You said "...both (Sinh) and (Cosh) will run slower"

This could be misconstrued. As far as I understand Mathematica -- I
confess I did not prove this by testing, so I'm feeling a little bit
uncomfortable -- the execution of Sinh and Cosh, whenever you call them,
will _not_ be less efficient than before.
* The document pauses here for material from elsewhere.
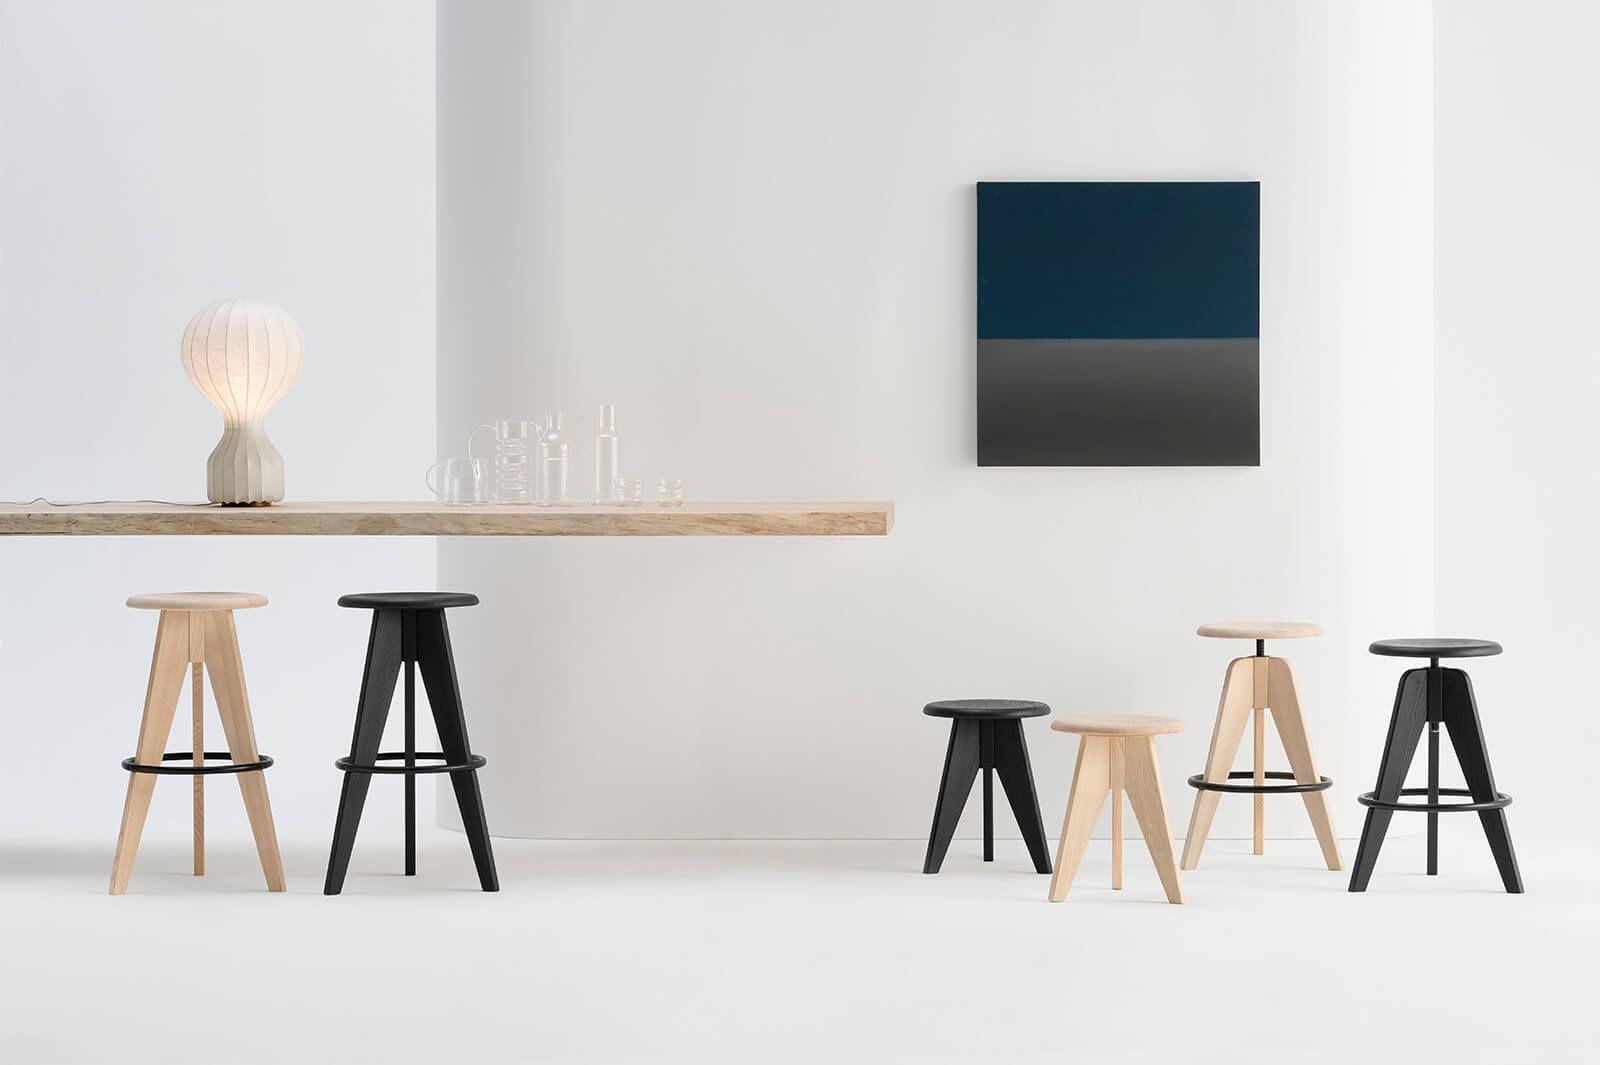 Sipa sedie tommy sgabello product design wood stool wood

However, when evaluating any
expression that contains Sinh or Cosh at level 1, when within the
evaluation sequence for _that_ expression it comes at looking for
UpValues >>some will be found for Sinh or Cosh and then have to be
checked whether they apply<< That's the >>extra effort<< , but that's
the minimal prize you have to pay as long as you want to install that
relation as a general rule -- and Mathematica will pay you back.

> --------------------
> Now suppose you wanted the kernel to automatically use the identity
>   Sin[z]^2 + Cos[z]^2 -->1
> Notice both (Sin[z]^2) and (Cos[z]^2) have the Head Power.
> You could give ...
> ...

> BUT Mathematica will not let you associate the definition above with (Sin)
> or (Cos) ...
> ...

I think we should mention Roman E. Maeders "Programming in Mathematica",
Chapter 6 "Building Rule Sets" where he told how to effectively deal
with those cases. So if you do:

In[1]:= << "ProgrammingInMathematica\\TrigSimplification.m"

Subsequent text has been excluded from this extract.